A Pablo le diagnosticaron a las 7 semanas una patología que lo marcaría de por vida. En el colegio era el niño enfermo. El que no podía correr, solo andar; el que no podía jugar al fútbol, solo mirar. El niño endeble que había de conformarse con dos vasos de agua diarios y que tenía una dieta especial para no morir. El niño de la insuficiencia, el niño del riñón calcificado.

A los 7 años los médicos juzgaron insostenible su situación. Pablo empezó a «ir a diálisis», esa era su actividad extraescolar. Sus compañeros de clase enchufaban la Play y él se enchufaba a una máquina que hacía las veces de riñón. Yo tengo mis inclinaciones luditas, pero ahora, mientras escribo esto, solo puedo bendecir la tecnología y a todos sus entusiastas: Pablo sobrevivía gracias a una máquina. Ella era su principio vital, la cuerda que lo sostenía en la existencia, la condición indispensable para que él continuara asombrándose, descubriendo el mundo, que es lo que hacen fundamentalmente los niños, también los enfermos.

Al cabo de un año, quizá algo más, la historia de Pablo dio un vuelco feliz: su padre le donó uno de sus riñones. Si bien lo hizo casi espontáneamente, sin darse importancia, exactamente como los padres hacen sus heroicidades, ese acto de entrega desmiente a todos los filósofos pesimistas y acobarda a las legiones diabólicas. Venció a la enfermedad, sometió al mal y al sufrimiento. Pablo era por fin un niño normal, o casi normal. Podía jugar al fútbol, comer lo que el resto, beber Coca-Cola. Ya no le debía su vida a una máquina, sino al amor de su padre. Sobrevivía gracias al amor.

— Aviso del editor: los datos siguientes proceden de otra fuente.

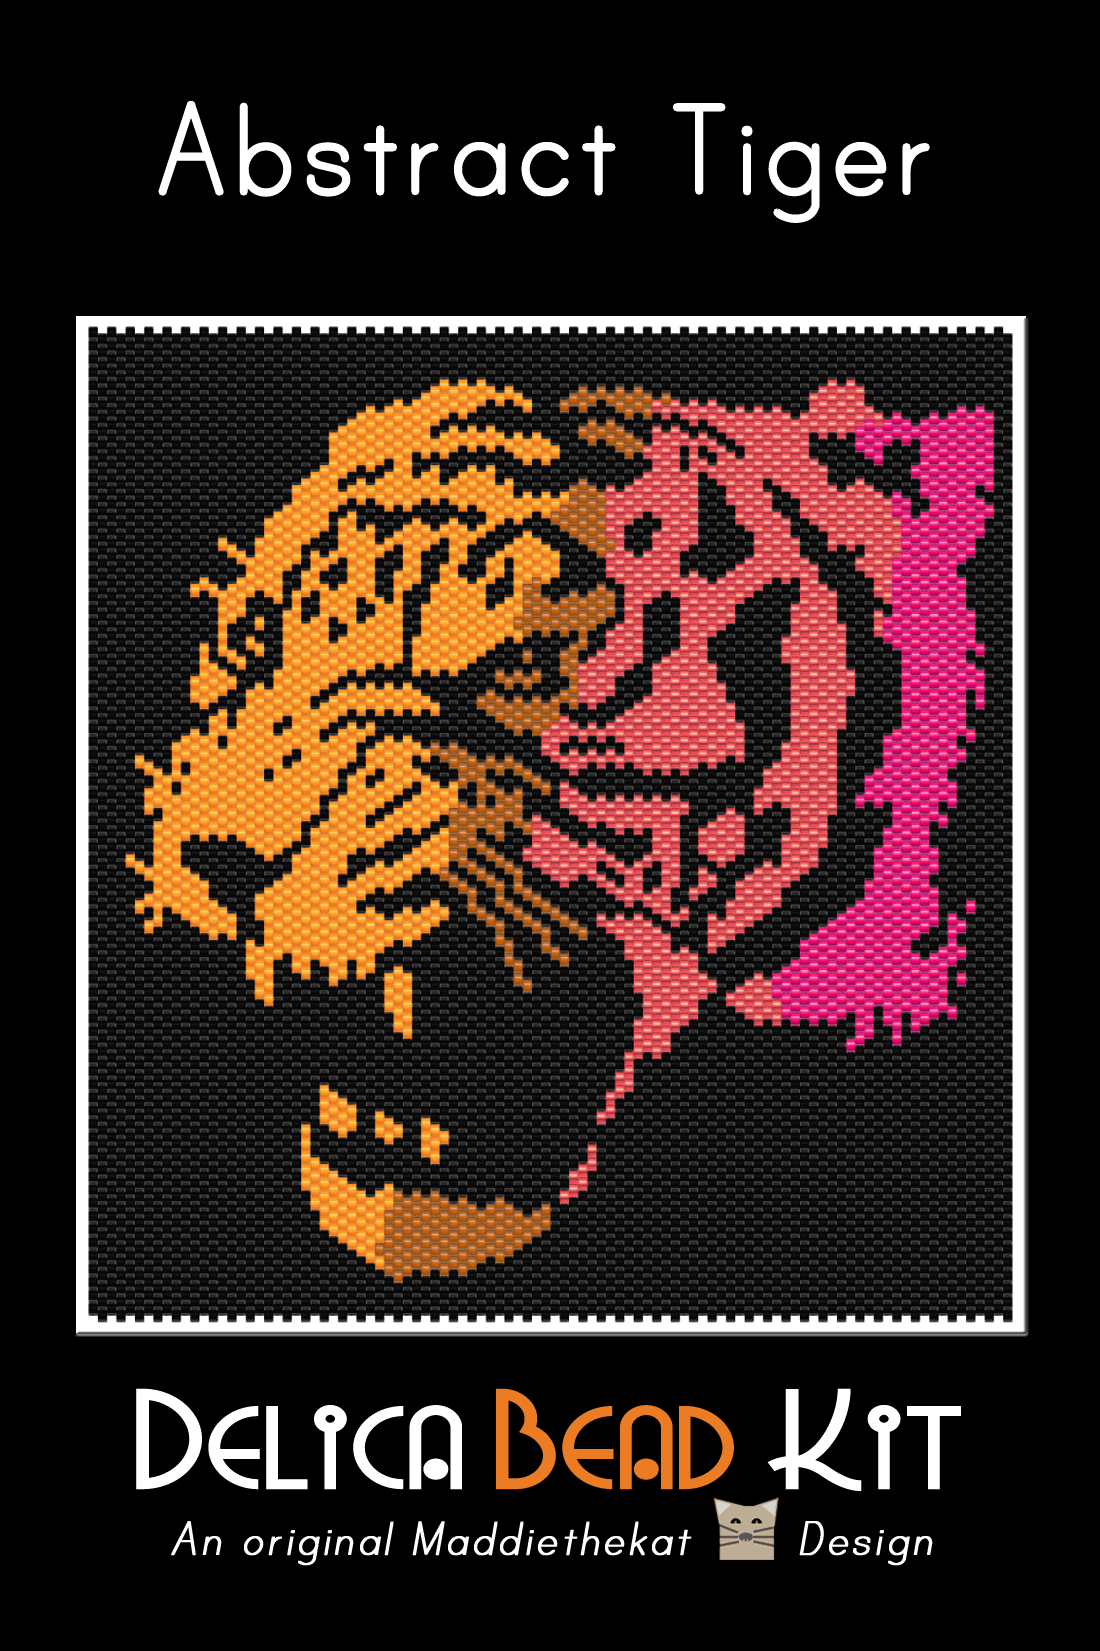 Abstract Tiger Larger Peyote Bead Pattern or Bead Kit

El riñón, no obstante, terminó fallando. Con 17 años Pablo regresaba al principio, a los tiempos de la diálisis y la precariedad. Volvía a ser una persona enferma, pero lo era más conscientemente que antes. En la infancia el infortunio palidece ante el prodigio, el mal tiene la importancia de una anécdota y el bien la de un acontecimiento. En la adolescencia, cuando Pablo perdió el riñón de su padre, ocurre justo lo contrario. Una sombra nubla nuestro juicio, somos especialmente sensibles a la desgracia e insensibles al milagro. Uno se figura la rabia de Pablo, su indignación, cuando daban las nueve y tenía que despedirse de sus amigos para conectarse a la máquina. Uno se figura la impotencia, la soledad, la tristeza.

Uno se las figura y se equivoca. Pablo sentía rabia e indignación, claro, pero sobre todo gratitud. No le pedía cuentas a Dios, como haría cualquiera que estuviese en su pellejo. Rezaba y agradecía. Quien lo hubiese observado sin conocerlo habría concluido que era una persona afortunada, una a la que la vida había colmado de gracias y de bendiciones. Pero ya he dicho antes que nada más lejos de la realidad. Su alegría nacía del dolor, era como su hija bastarda. La precariedad, la fragilidad, el sufrimiento habían aguzado la mirada de Pablo, la habían hecho más penetrante. Era especialmente consciente de la contingencia de la vida y por eso la celebraba con más ímpetu. Quizá porque solo cuando se ha asomado a un abismo, solo cuando ha sentido el vértigo del vacío, puede alguien bendecir existencia de un suelo firme en el que descansar.

Tres años después a Pablo le trasplantaron un nuevo riñón que no tardó en fallar. Le duró unos pocos meses. Volvieron entonces la diálisis y sus consecuencias. Rechazó planes, viajes, ofertas laborales que nadie habría rechazado; se vio de nuevo abocado a elegir entre divertirse como el mundo se divierte o vivir. Pese a todo, su sonrisa no se desdibujaba, era más dichoso que la mayoría de los hombres sanos. Pablo, me doy cuenta mientras escribo, afrontaba cada día con dos solas certezas: que habría de estar cuatro horas conectado a una máquina y que eso daba absolutamente igual porque Dios lo amaba.

Ahora Pablo ha recibido un nuevo riñón y yo, en mis días sombríos, me sorprendo preguntándome si este también le fallará y cayendo luego en la cuenta de que el interrogante no puede ser más estéril. Ocurra lo que ocurra, le falle el riñón más pronto o más tarde, Pablo seguirá siendo el mismo: seguirá agradeciendo lo que los demás consideramos aborrecible, jugando al tejo sobre el mismo epicentro del terremoto, ahuyentando al demonio con su sonrisa. Ocurra lo que ocurra, Pablo Iturmendi seguirá siendo para mí lo que ha sido siempre: un amigo que me enseña cada día la inefable gracia de estar vivo.